I'm involved in a migration project from Oracle to PostgreSQL, and I'm looking for a way to automate the testing of a large number of queries converted from Oracle syntax into the PostgreSQL one. 我参与了一个从Oracle到PostgreSQL的迁移项目,并且我正在寻找一种方法来自动测试从Oracle语法转换为PostgreSQL的大量查询。 The assumption is that the data has been migrated successfully, so there is no need to check that. 假设数据已成功迁移,因此无需检查。 I can hack a solution from scratch using Perl or Python, but there might be easier ways. 我可以使用Perl或Python从头开始破解解决方案,但是可能会有更简单的方法。 I was looking at the database testing frameworks, lke Test::DBUnut or pgTap, but they assume that a user supplies results to verify against, and in my case these are obtained from the database we are migrating from. 我当时在看数据库测试框架,如Test :: DBUnut或pgTap,但是它们假设用户提供了要验证的结果,而在我的情况下,这些结果是从我们要从其迁移的数据库中获得的。 A question is, is there an existing database-specific tool or testing framework to execute queries against old (Oracle) and new (PostgreSQL) databases, get the results and compare them, highlighting the differences and any errors that might occur in the process? 问题是,是否存在现有的特定于数据库的工具或测试框架来对旧(Oracle)数据库和新(PostgreSQL)数据库执行查询,获取结果并进行比较,从而突出显示差异以及过程中可能发生的任何错误?

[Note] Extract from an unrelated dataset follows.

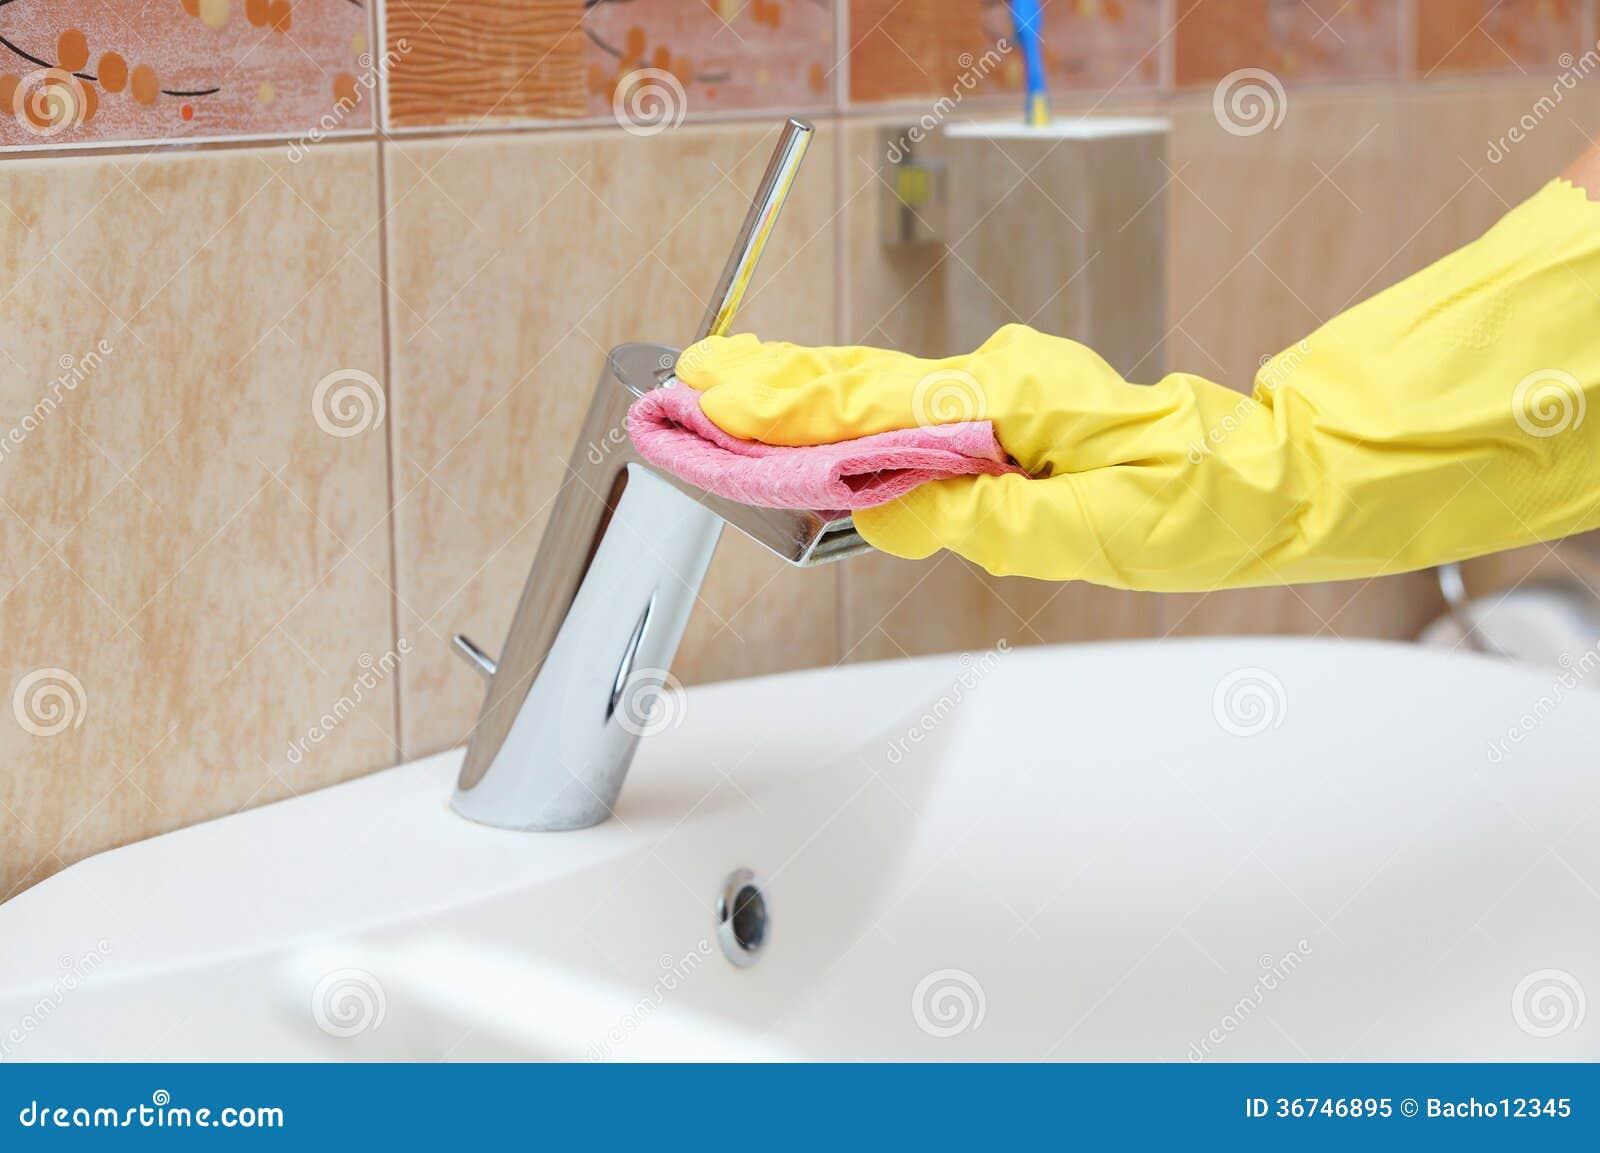 Tuyau de nettoyage dans la salle de bains

How about creating JUnit project that runs the corresponding query on different schemas (one Oracle the other PostgreSQL)? 如何创建在不同模式(一个Oracle,另一个PostgreSQL)上运行相应查询的JUnit项目?

Alternatively, you could create two simple Maven projects (one per each vendor) each project will use an SQL Plugin in order to run your queries (paste them in the same order into the pom.xml). 或者,您可以创建两个简单的Maven项目(每个供应商一个),每个项目将使用SQL插件来运行查询(以相同的顺序将其粘贴到pom.xml中)。 You can later automate these tests by using continuous integration server that supports Maven (Hudson?) and set a scheduled execution. 您以后可以使用支持Maven(Hudson?)的持续集成服务器来自动执行这些测试,并设置计划的执行时间。

Good luck! 祝好运!

I ended up writing a custom tool to run queries against both databases and collect results using python psycopg2 and cx_oracle. 我最终写了一个自定义工具来对两个数据库运行查询,并使用python psycopg2和cx_oracle收集结果。 Comparing them is a matter of calculating hashes for each row and checking whether the oracle row exists in the hash of the postgresql rows . 比较它们只是计算每行的哈希值,并检查oracle行是否存在于postgresql行的哈希中。 A couple of pitfalls: 有两个陷阱:

  • floating point numbers can loose precision when converted from Oracle/PostgreSQL to python. 从Oracle / PostgreSQL转换为python时,浮点数会降低精度。 Use type specific hooks in the drivers (see documentation) to make sure you convert them to Decimal, not float. 在驱动程序中使用特定于类型的挂钩(请参阅文档),以确保将它们转换为十进制,而不是浮点数。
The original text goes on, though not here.